------ MATERIAL PROVIDED ------
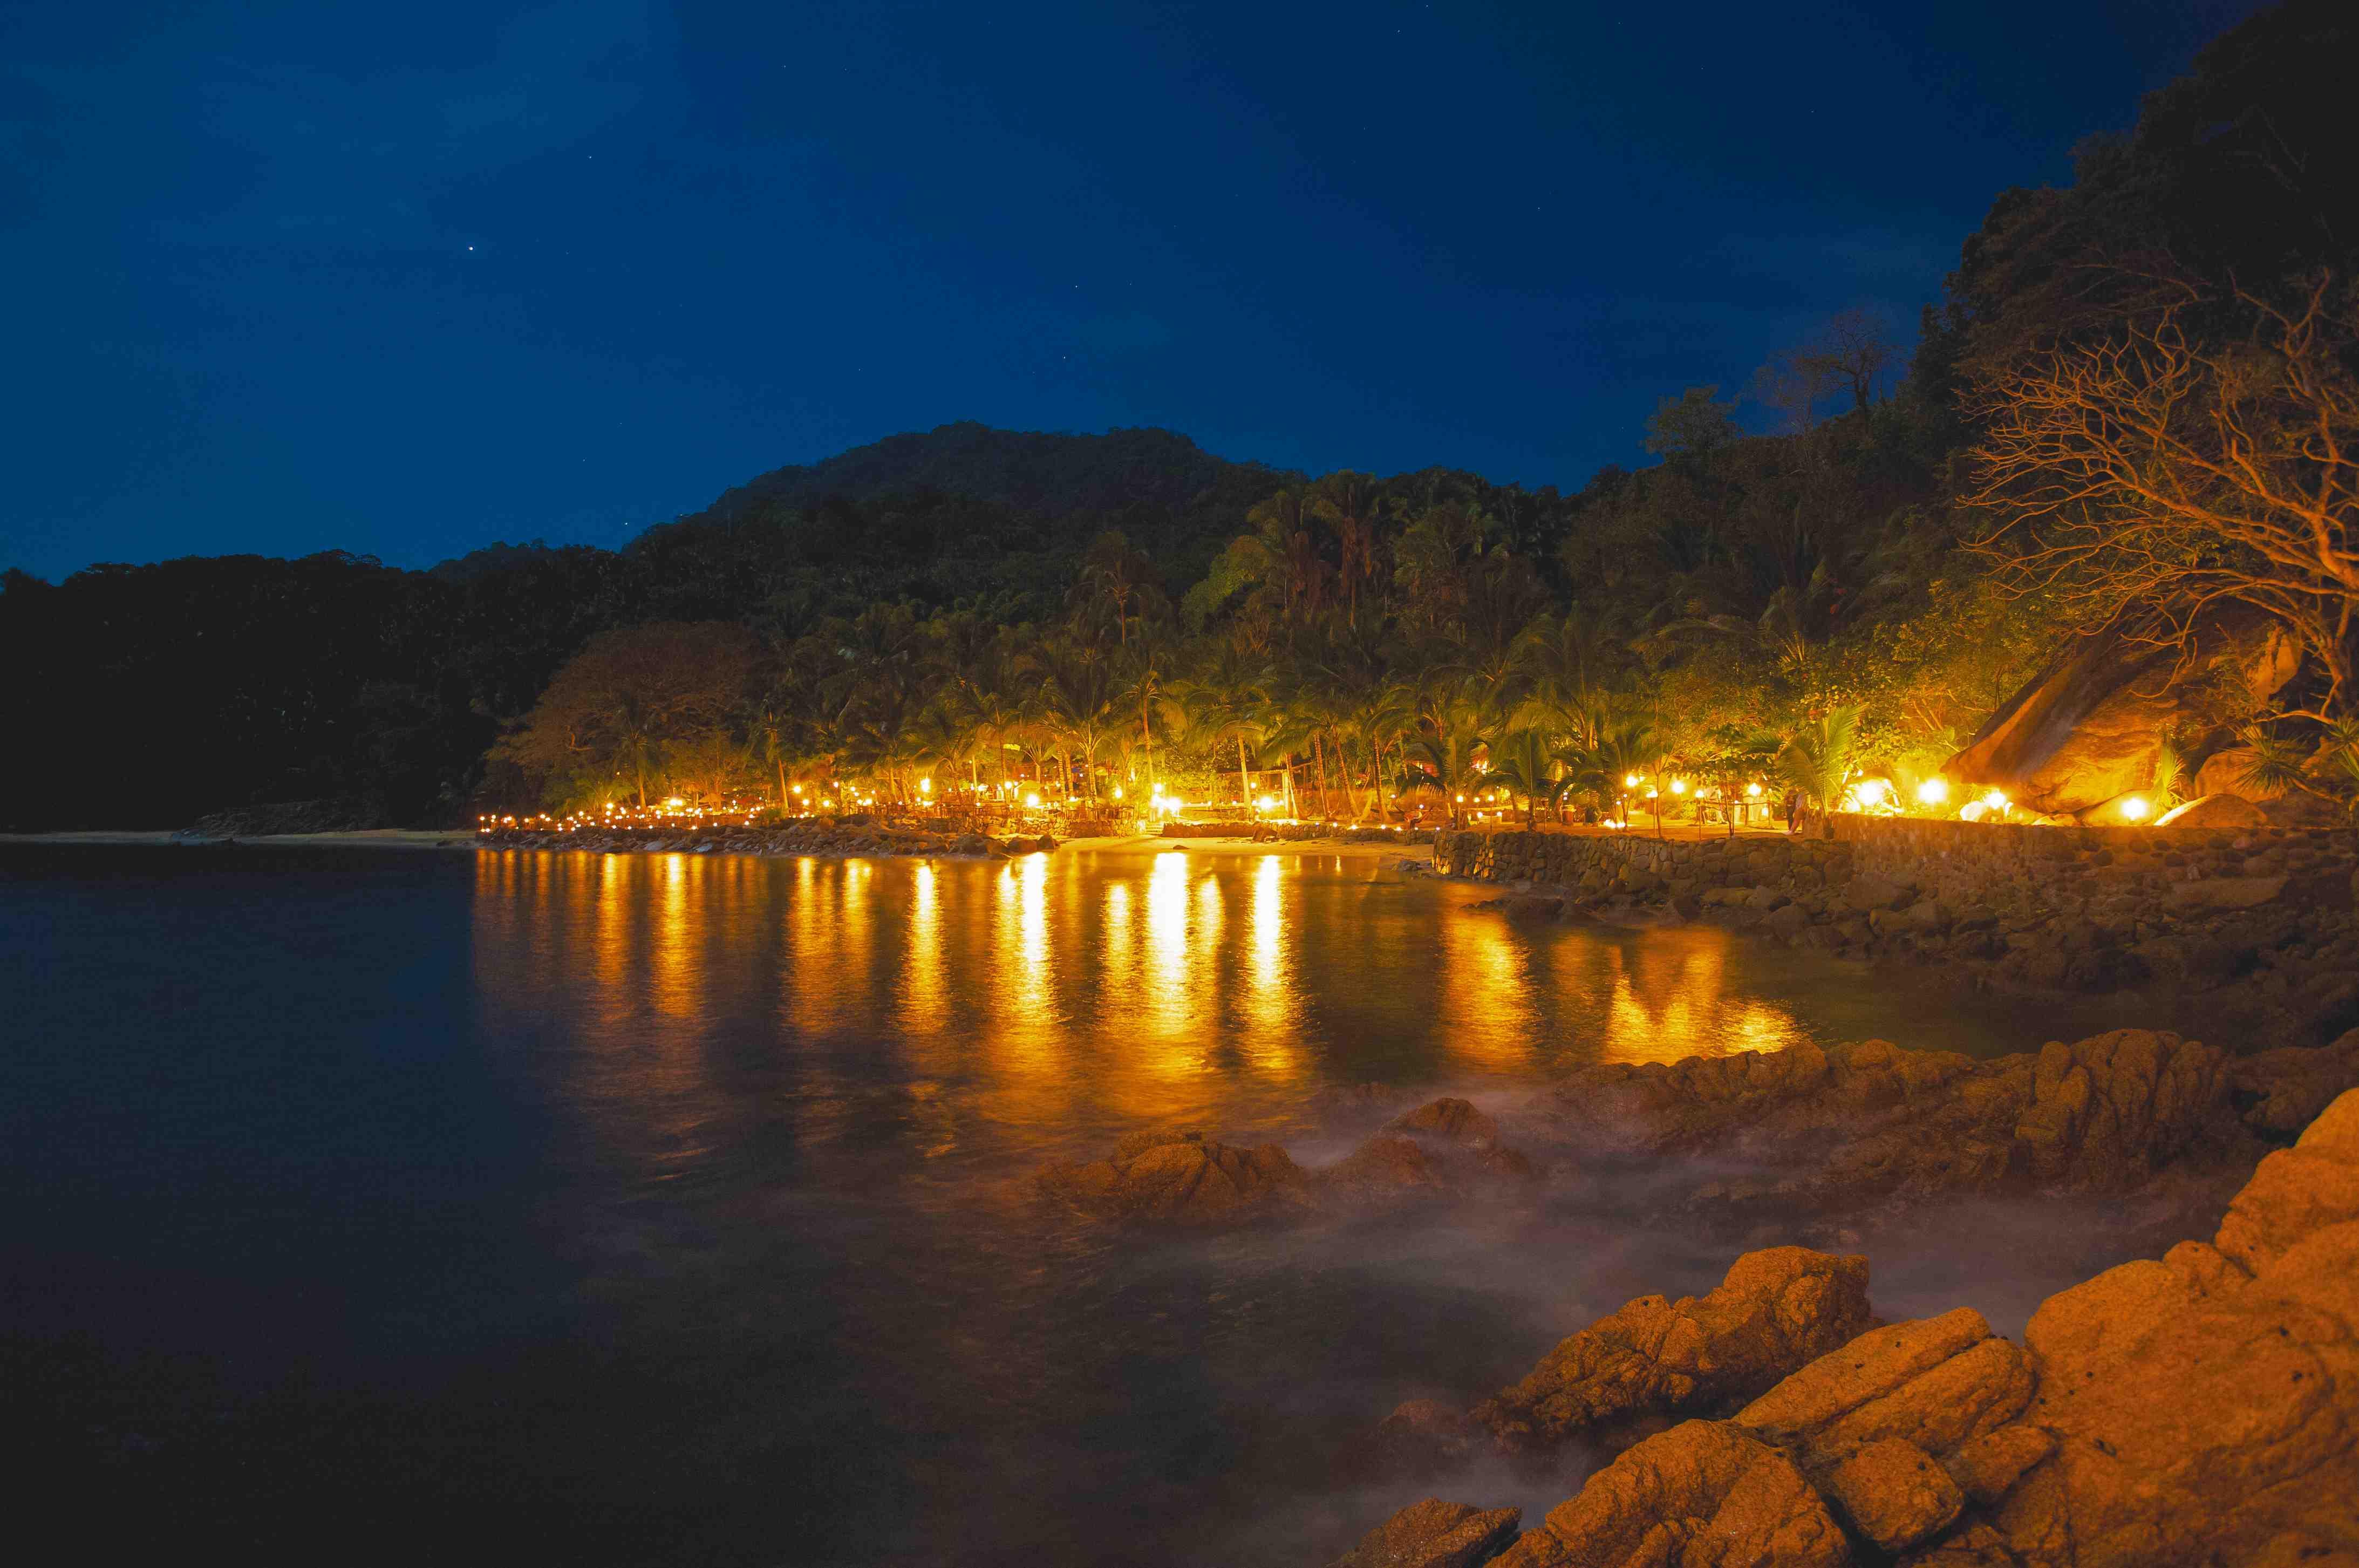 Rhythms Of The Night Vip - Last Minute Tours in Puerto Vallarta
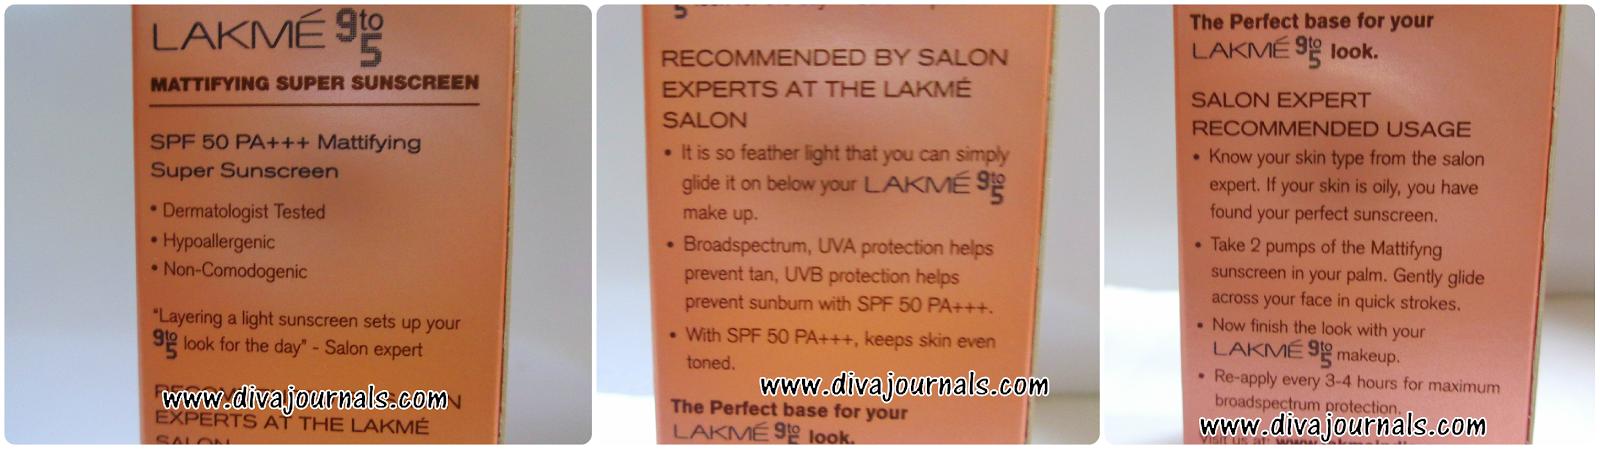 Lakme 9-to-5 Mattifying Super Sunscreen SPF 50 PA+++ Review
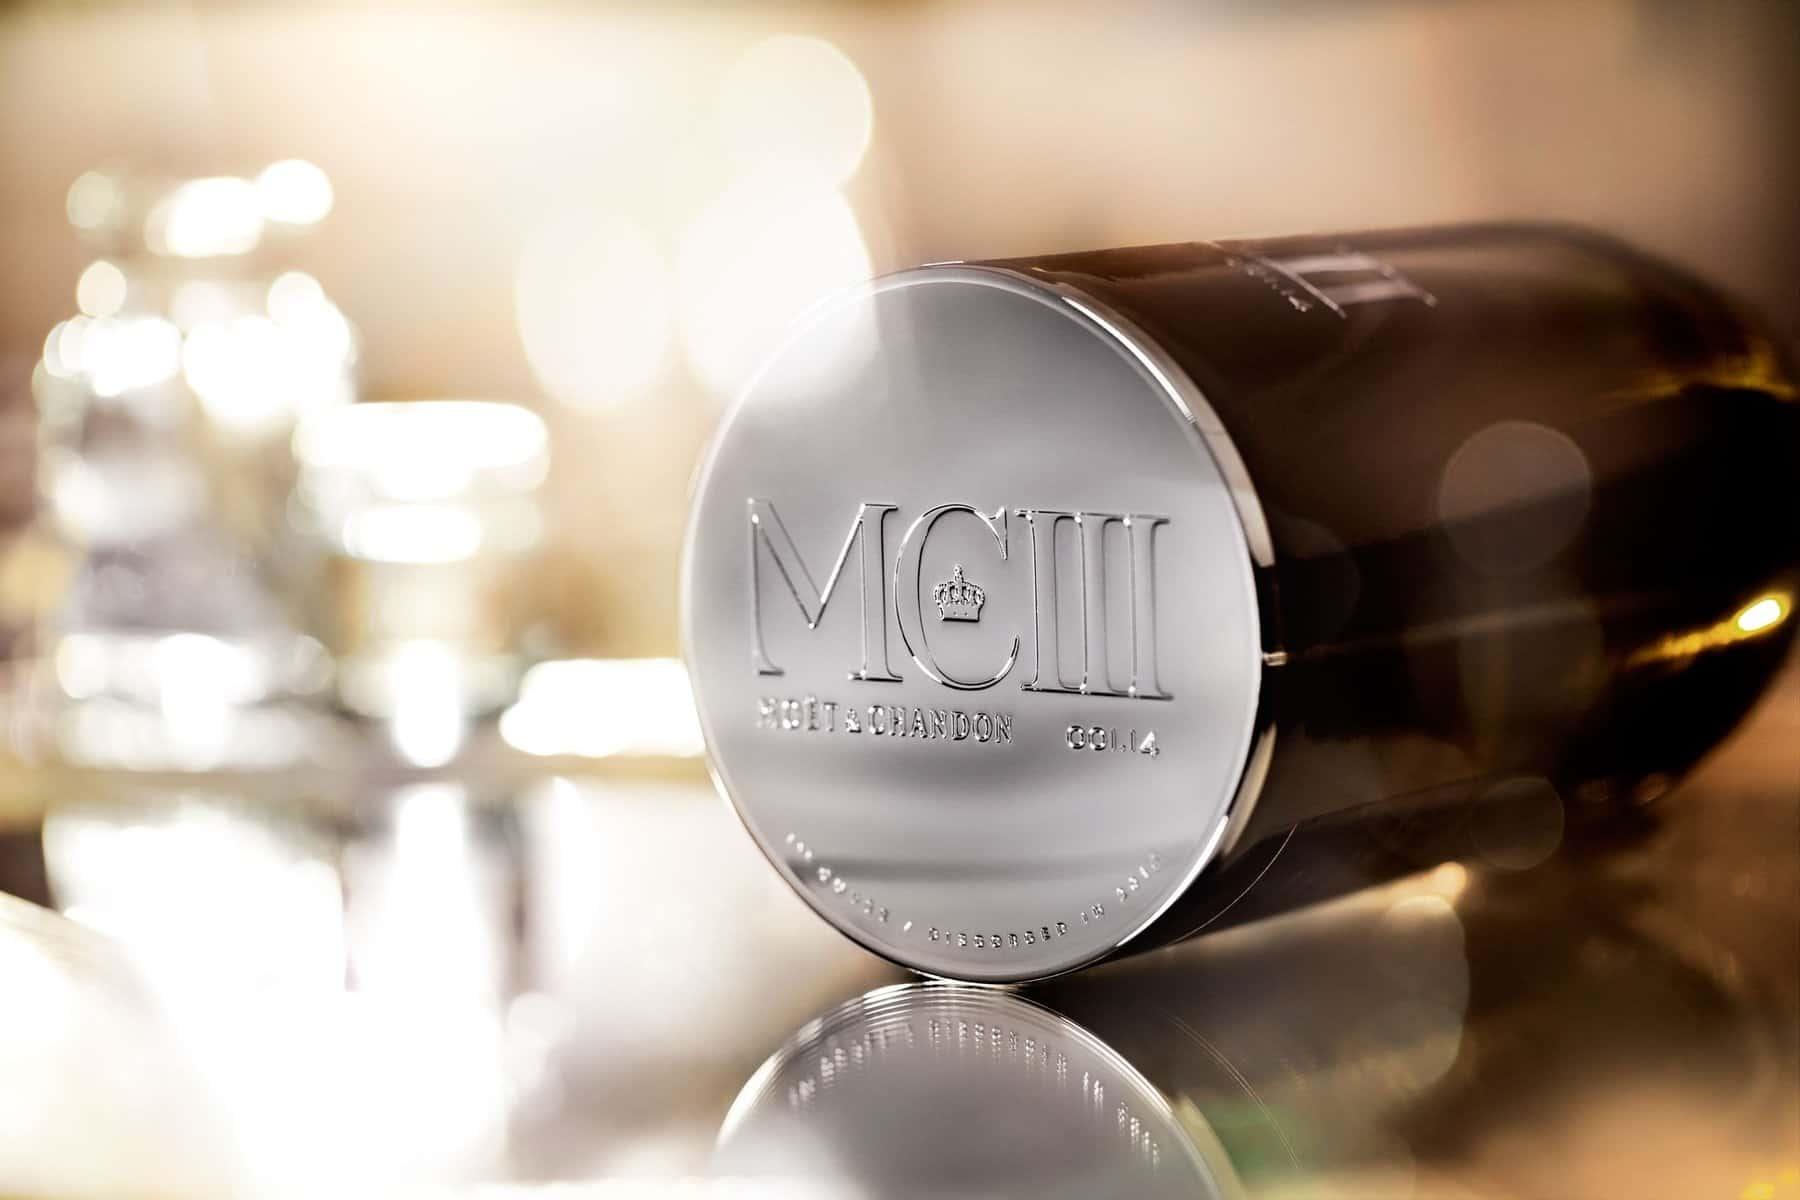 Moët & Chandon MCIII Champagne
------
In the listing, find the line containing "Lakme 9-to-5 Mattifying" and repeat it and every later line through the last one, word for word, excluding the pictures.

▶ [ANSWER TO THIS TASK]
 Lakme 9-to-5 Mattifying Super Sunscreen SPF 50 PA+++ Review
 Moët & Chandon MCIII Champagne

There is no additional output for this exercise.